(This is the final story in the "4U" series. To experience them to the fullest, it is recommended that you read them in the following order: I'm a Slave 4 U, Even the Stars Fall 4 U, Bent 4 U, Kill 4 U, I Would Die 4 U, 4 U 2 B Free, This Is Just 4 U, I'm Coming 4 U, and finally this story.)
"All 4 U"
Surprisingly, I don't often experience gaps in my memory. You'd think that a service unit would constantly have to contend with stretches of missing time, actions that are inexplicable, compulsions we don't understand but can't resist... but honestly, it really doesn't work that way. It doesn't have to. When your will is completely subsumed to the perfect control of your Master, when you're so deeply and thoroughly brainwashed that you think anything you're commanded to think, that kind of mental legerdemain simply isn't necessary. Only the woman on the surface obeys without thought or memory. Unit 4U can always relax into the bliss of perfect dedication to my Master's will.

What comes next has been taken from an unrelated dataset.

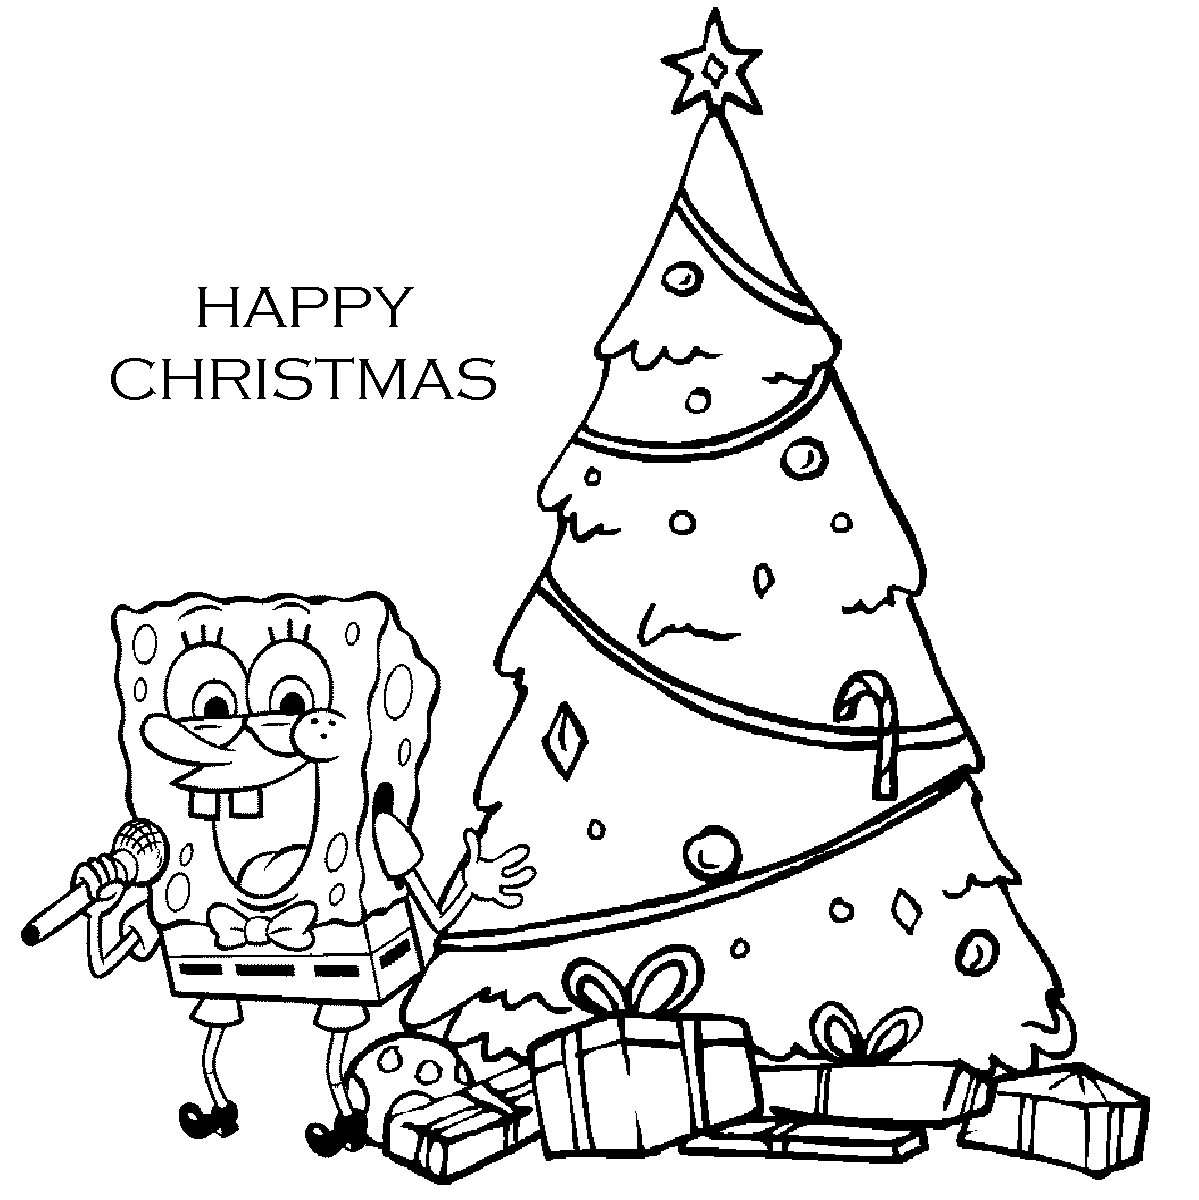 Coloring page: Christmas Tree (Objects) #167452 - Free Printable Coloring Pages

Which is why it's a little surprising to look down at the text message on my phone and realize I don't remember anything I did prior to receiving it. 'All service units within 1.2 miles of the Emerson Tower,' it says, 'converge on Conference Room Vandenberg and prepare to restrain rogue individuals.' I know I'm in the Emerson Tower right now, I know I'm perhaps three floors up from the Vandenberg Room, but I don't know how I got here. I don't know what I was doing a few moments ago. I don't know anything at all. It's an unfamiliar, disconcerting situation, and I don't seem to be able to find a command to slot my amnesia into in order to fit it into the soothing network of instructions that comprise my personality within my host body.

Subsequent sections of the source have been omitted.